Here’s a secret that most professional investors know: very few stocks outperform the average index. Most companies fail or go nowhere. The returns on more than half the stocks listed on the stock market will be worse than the broad TSX 60 index, which is tracked by cheap index funds and requires little to no research to invest in.
However, some rare companies perform much better than the average stock. These multi-baggers create such exceptional returns that they can help an investor’s portfolio outperform the market, even if they only constitute a small part of it.
Think of it this way: if you split a $1,000 portfolio evenly between 10 stocks, of which five failed and four delivered no returns (stayed flat), but one of them delivered a 10-fold return, your overall return would be 40%. So, finding and adding these multibaggers is an essential part of an investor’s journey.
It isn’t an exact science, but here are two stocks I believe have the potential to deliver these multi-fold returns over the next decade.
E-commerce giant
Shopify (TSX:SHOP)(NASDAQ:SHOP) is already one of the most successful technology companies in the country. Since it listed in 2015, the stock has already multiplied 14 times over, going from $35 to $490 today. Shopify is now the second-largest online retailer in the world and, by far, the largest in Canada.
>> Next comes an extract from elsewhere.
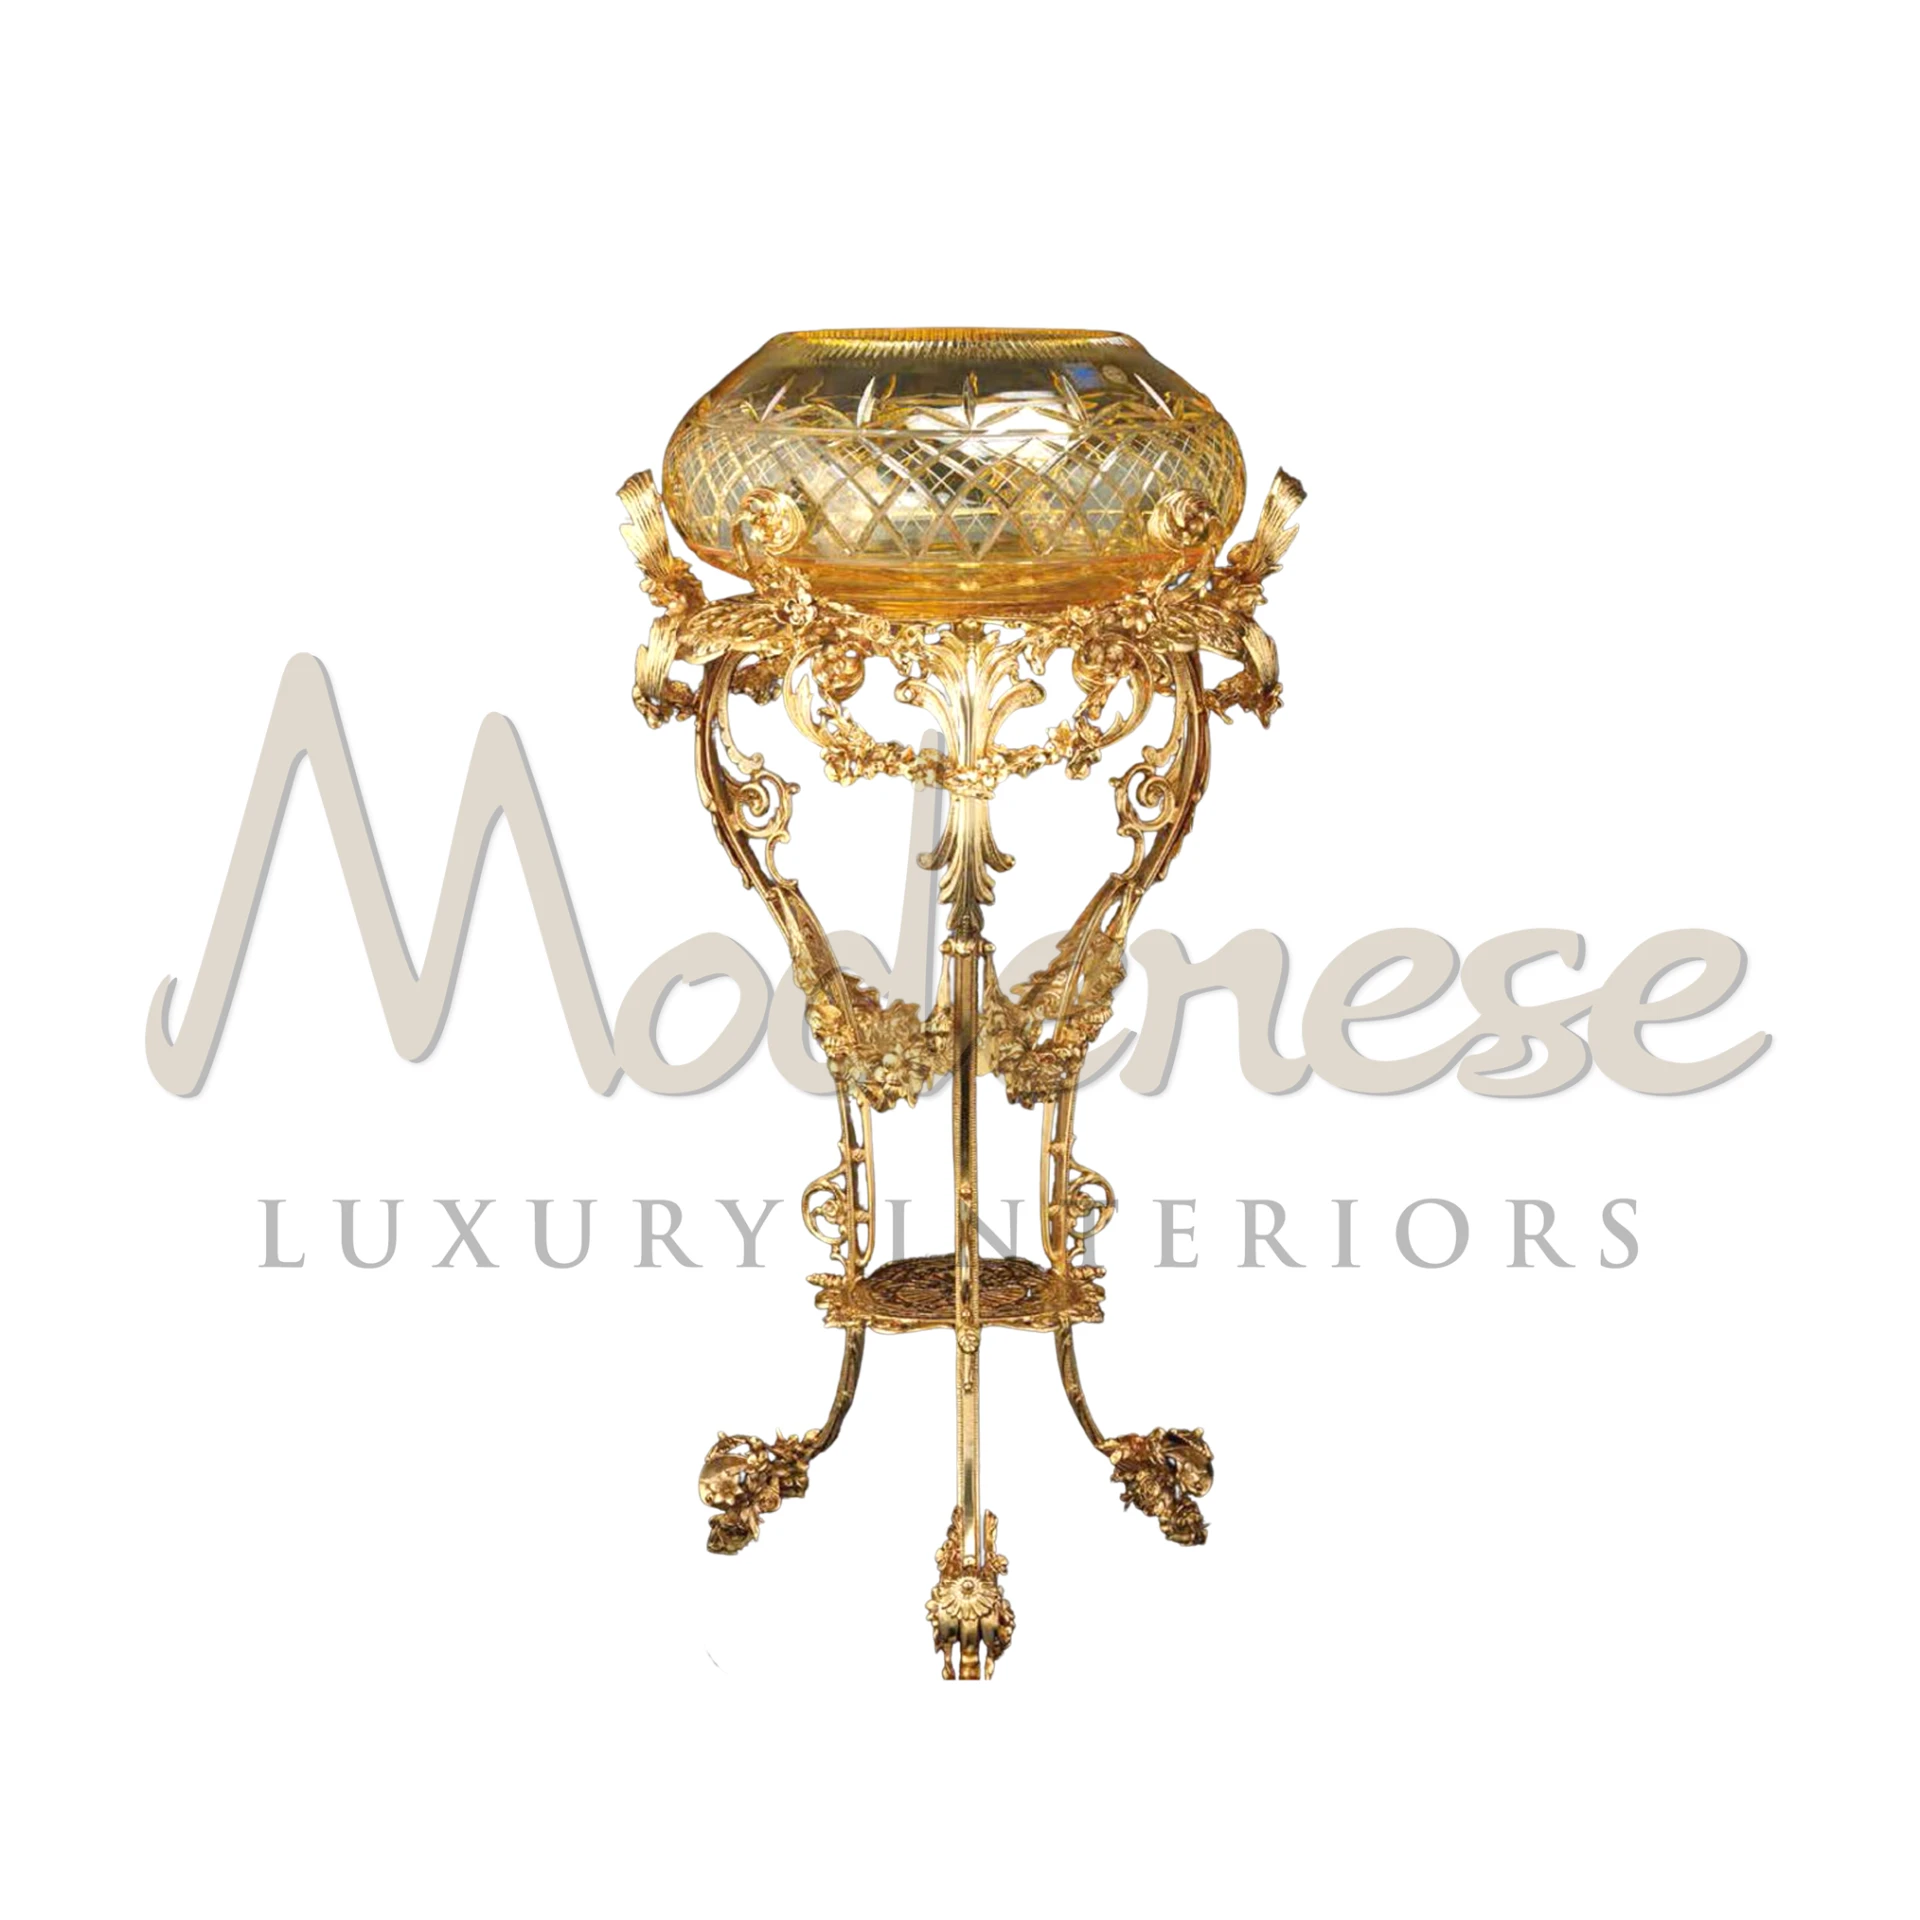 Italian Design Classic Vase Stand, a Baroque symbol of opulence with gold leaf and high-quality wood.

While some investors seem convinced Shopify’s best and fastest growth years are behind it, I’m not so sure. Global retail is worth $24 trillion and online retail still accounts for less than one-fifth of it. There’s tremendous potential for e-commerce growth in developing markets and new territories for the next few decades.
Shopify’s asset-light and capital-efficient business model puts it in a good position to dominate a substantial chunk of this market. The platform already has a base of over a million vendors from across the world and the upcoming roll-out of fulfillment centres should give the company another edge over its smaller e-commerce rivals.
At its current pace of revenue growth, roughly 45%, the company could deliver a 10-fold return by 2026 or 2027.
Software as a service
Compared to online commerce, the market for international shipment software isn’t that big. Global demand for supply chain management software could exceed $8 billion by 2022, so it’s a fraction of global retail. However, there are very few players in this industry, which gives incumbents like Kinaxis (TSX:KXS) plenty of room to grow.
With an established foothold in the market and relatively less competition, Kinaxis has already delivered stunning returns for shareholders. The stock has already delivered a 700% return since listing in 2014. That’s an annual growth rate of 39.5% over six years.
Assuming future growth is slower, at just under 27% a year, the stock could deliver a 10-fold return by 2028 or 2029.
Can the company deliver this stunning performance? I believe it can, based on the proven track record of other software-as-a-service giants. Enterprise customers tend to have higher retention rates, and the software they purchase tends to have lucrative margins. Kinaxis reported gross margin at 73% in its latest quarter. Meanwhile, cash from operations expanded 81% quarter on quarter.
That gives the Kinaxis team plenty of room to reinvest in the business, create new features for the platform, acquire smaller innovative startups, and ultimately reward shareholders with attractive returns.